# Increase Male dog sex drive



## saabisil (Jun 12, 2006)

Anyone out there know of a way to increase a male dogs sex drive? Increase sperm count?


----------



## Golddogs (Feb 3, 2004)

saabisil said:


> Anyone out there know of a way to increase a male dogs sex drive? Increase sperm count?


Wear loose briefs.


----------



## MRGD (Apr 9, 2007)

Golddogs said:


> Wear loose briefs.


ah ha ha hhahahahahha

excellent.

tt


----------



## Steve Hester (Apr 14, 2005)

Buy him a subscription to PlayDog.


----------



## Bubba (Jan 3, 2003)

Does his tail look like this?









Might be a connection here?

Just saying regards

Bubba


----------



## Don Smith (Mar 23, 2004)

Just what I need; something to increase the sex drive in my males. NOT. LOL


----------



## windycanyon (Dec 21, 2007)

There is a Canine Reproduction list (google Myra Savant Harris). I believe the recommendation for males is glycoflex... Here, this may help: http://www.quinncarlin.ca/docs/MaleReproIssues.pdf -Anne


----------



## ErinsEdge (Feb 14, 2003)

saabisil said:


> Anyone out there know of a way to increase a male dogs sex drive? Increase sperm count?

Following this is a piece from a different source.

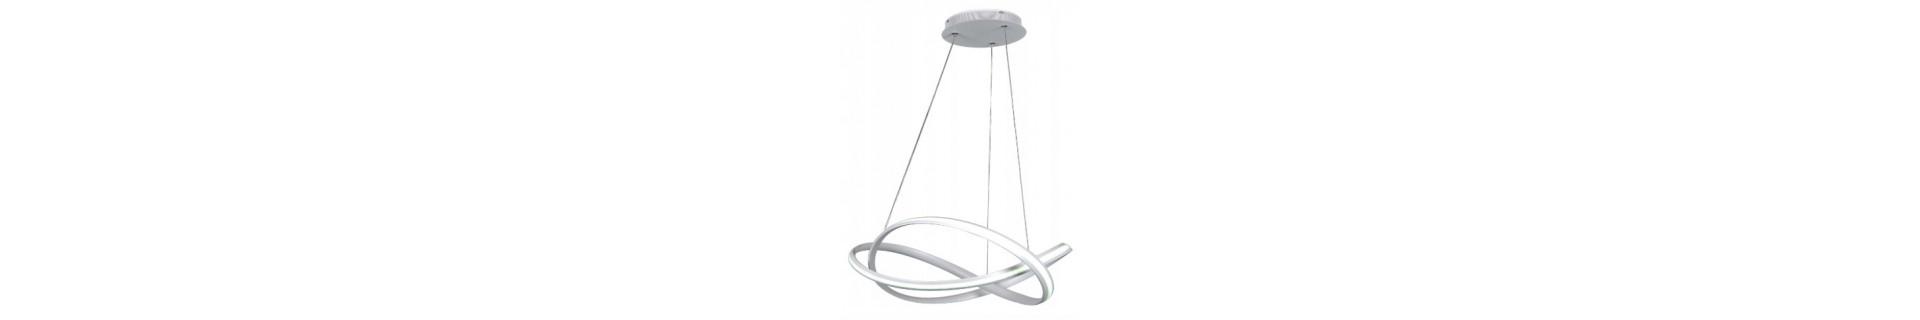 Oświetlenie do sypialni - Lampy Wobako.pl
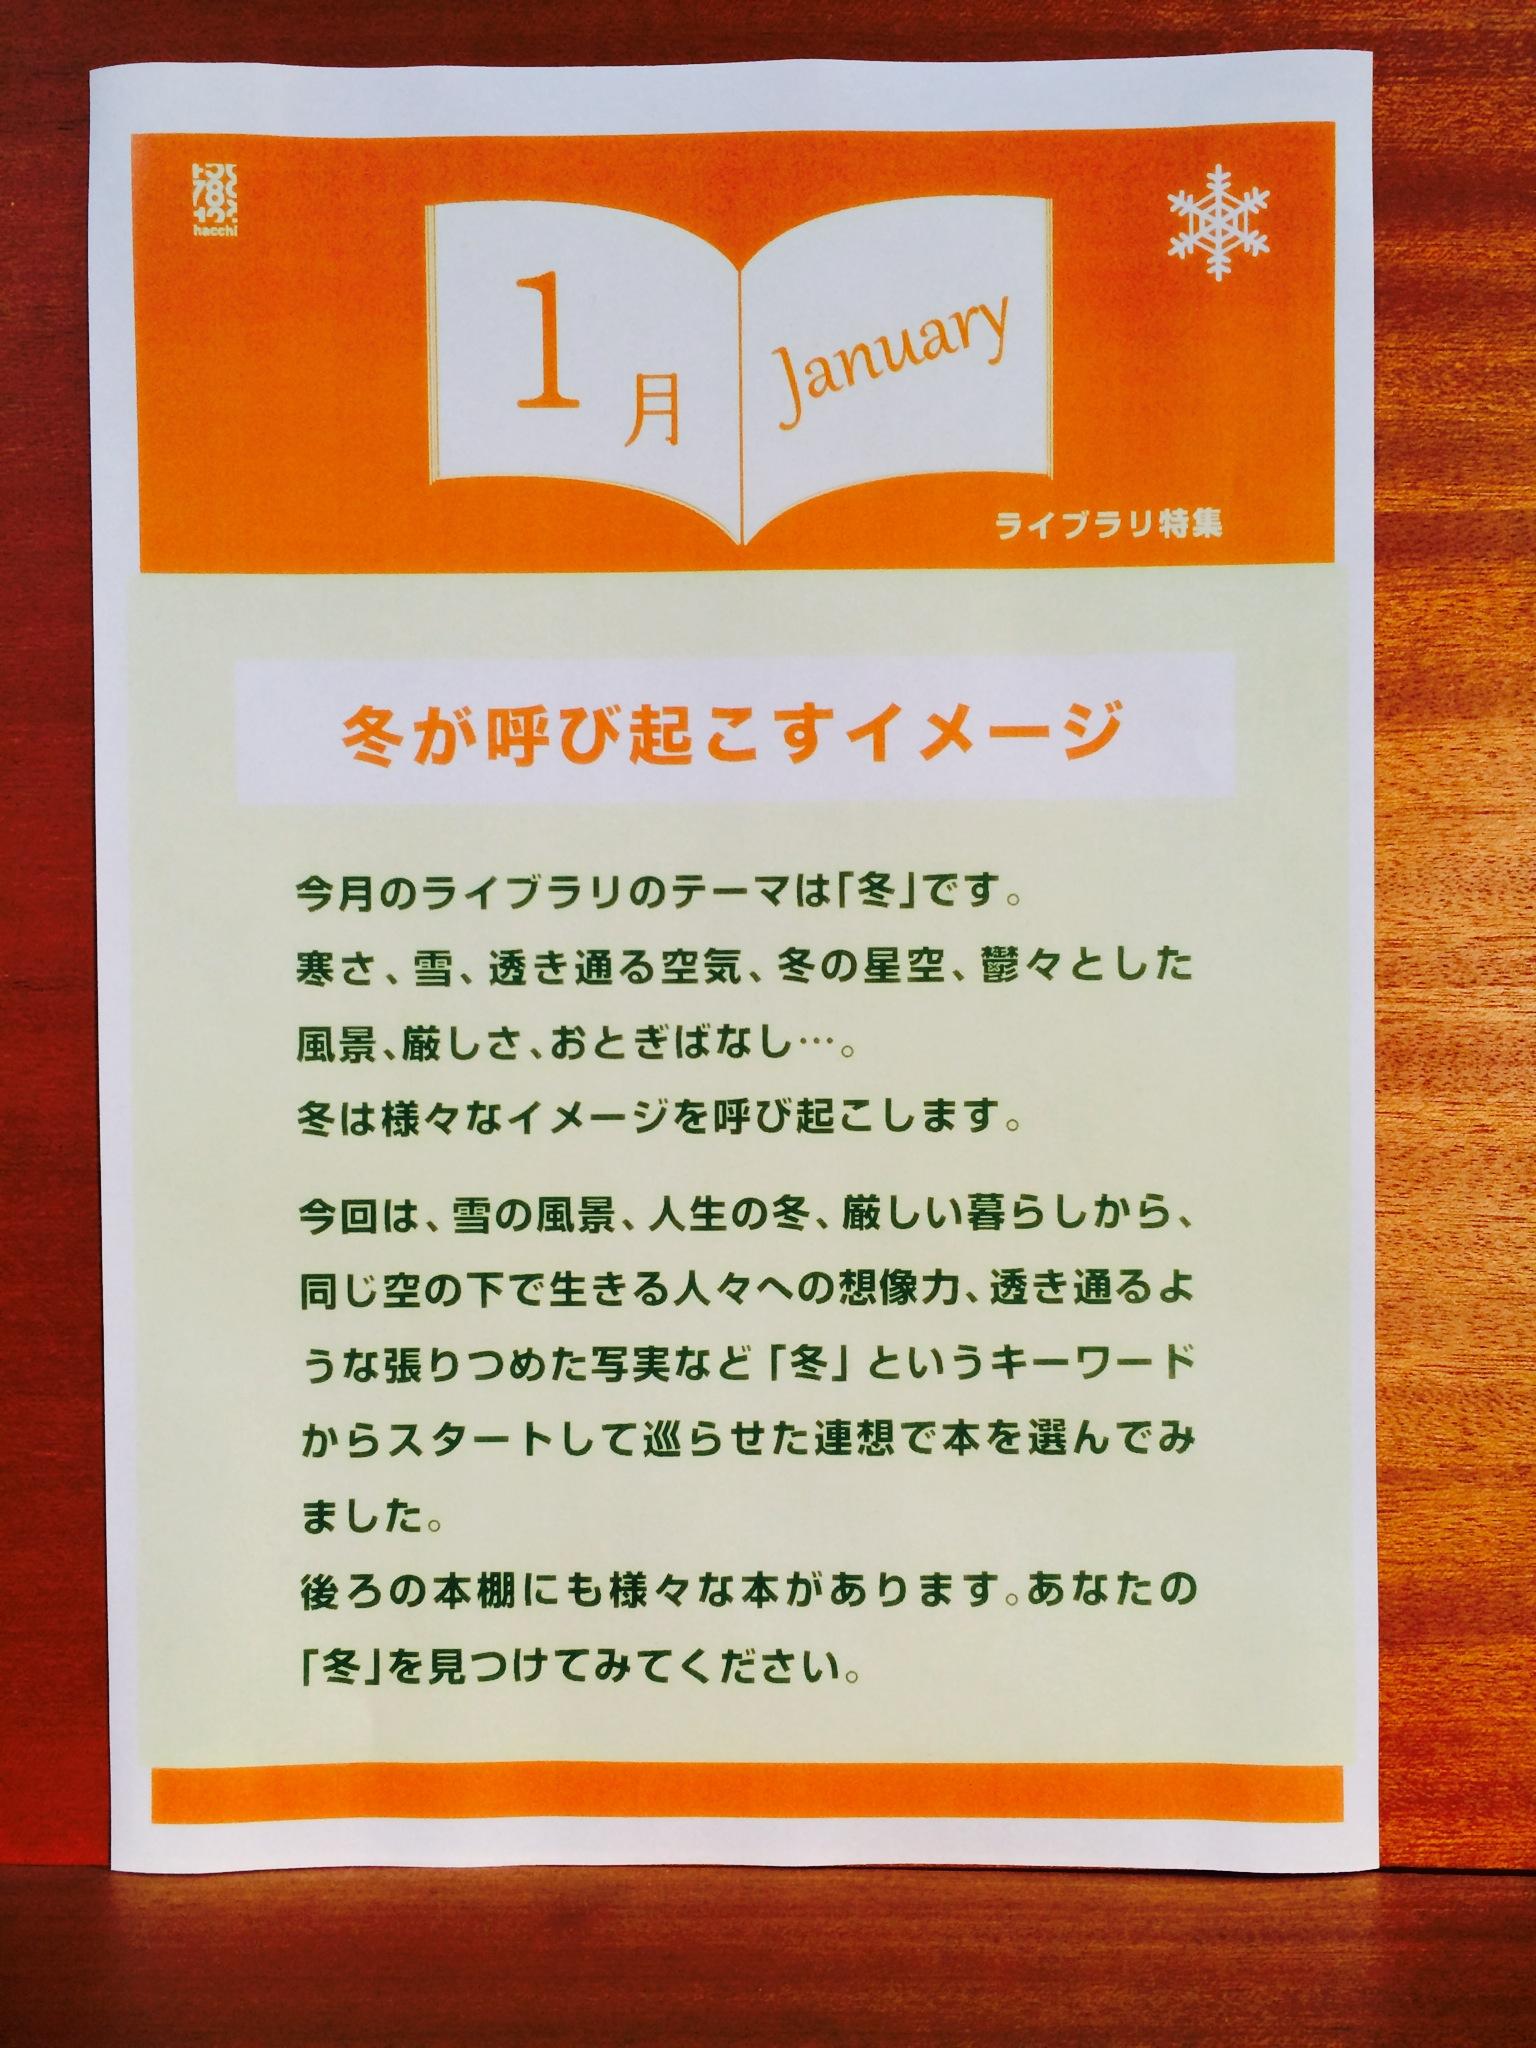 http://hacchi.jp/blog/upload/images/20140108-2.JPG

How old is the dog? How much has he been bred? What is his sperm count? Why doesn't he do that you think there is a problem with sex drive? Some males are shy or won't mount with a trainer around. Has he had a thyroid panel done? Need more specifics. I have used a combination of supplements that seems to work.


----------



## saabisil (Jun 12, 2006)

Well lets see. He is 9 and a half years old. This will be the third time trying to breed him. The first time I just think he didn't know what to do. The second time either I missed the peak day or he shots blanks. We had 4 good ties on what I thought where day10-12-13 & 14. My male is very shy and very relaxed he is not real high strung at all. The last time we tried he was very ho hum until day 10. The he was very active. Now my female is 3 and she goes threw a split heat. At six months she gets very interesting to my male. She will not stand for him and there is no bleeding . And then about 2 months later she comes into a full heat cycle. Which is where we are now Day 8. We have had them both to our vet at the same time 2 days ago and she was about 60% changed. The vet has tried to collect semen from my male twice with no luck. She like shuts down and gets all depressed like he did something bad. We where going to try artificial insemination. We really want this to work this time. Because the vet said if it doesn't work you might start think about get my female fixed. Which would really suck. The whole reason for buy her was for breeding her to my male. She was the most exspensive dogs I ever bought a ( only the best ). Any help or suggestion would be great.


----------



## Furball (Feb 23, 2006)

saabisil said:


> Well lets see. He is 9 and a half years old. This will be the third time trying to breed him. The first time I just think he didn't know what to do. The second time either I missed the peak day or he shots blanks. We had 4 good ties on what I thought where day10-12-13 & 14. My male is very shy and very relaxed he is not real high strung at all. The last time we tried he was very ho hum until day 10. The he was very active. Now my female is 3 and she goes threw a split heat. At six months she gets very interesting to my male. She will not stand for him and there is no bleeding . And then about 2 months later she comes into a full heat cycle. Which is where we are now Day 8. We have had them both to our vet at the same time 2 days ago and she was about 60% changed. The vet has tried to collect semen from my male twice with no luck. She like shuts down and gets all depressed like he did something bad. We where going to try artificial insemination. We really want this to work this time. Because the vet said if it doesn't work you might start think about get my female fixed. Which would really suck. The whole reason for buy her was for breeding her to my male. She was the most exspensive dogs I ever bought a ( only the best ). Any help or suggestion would be great.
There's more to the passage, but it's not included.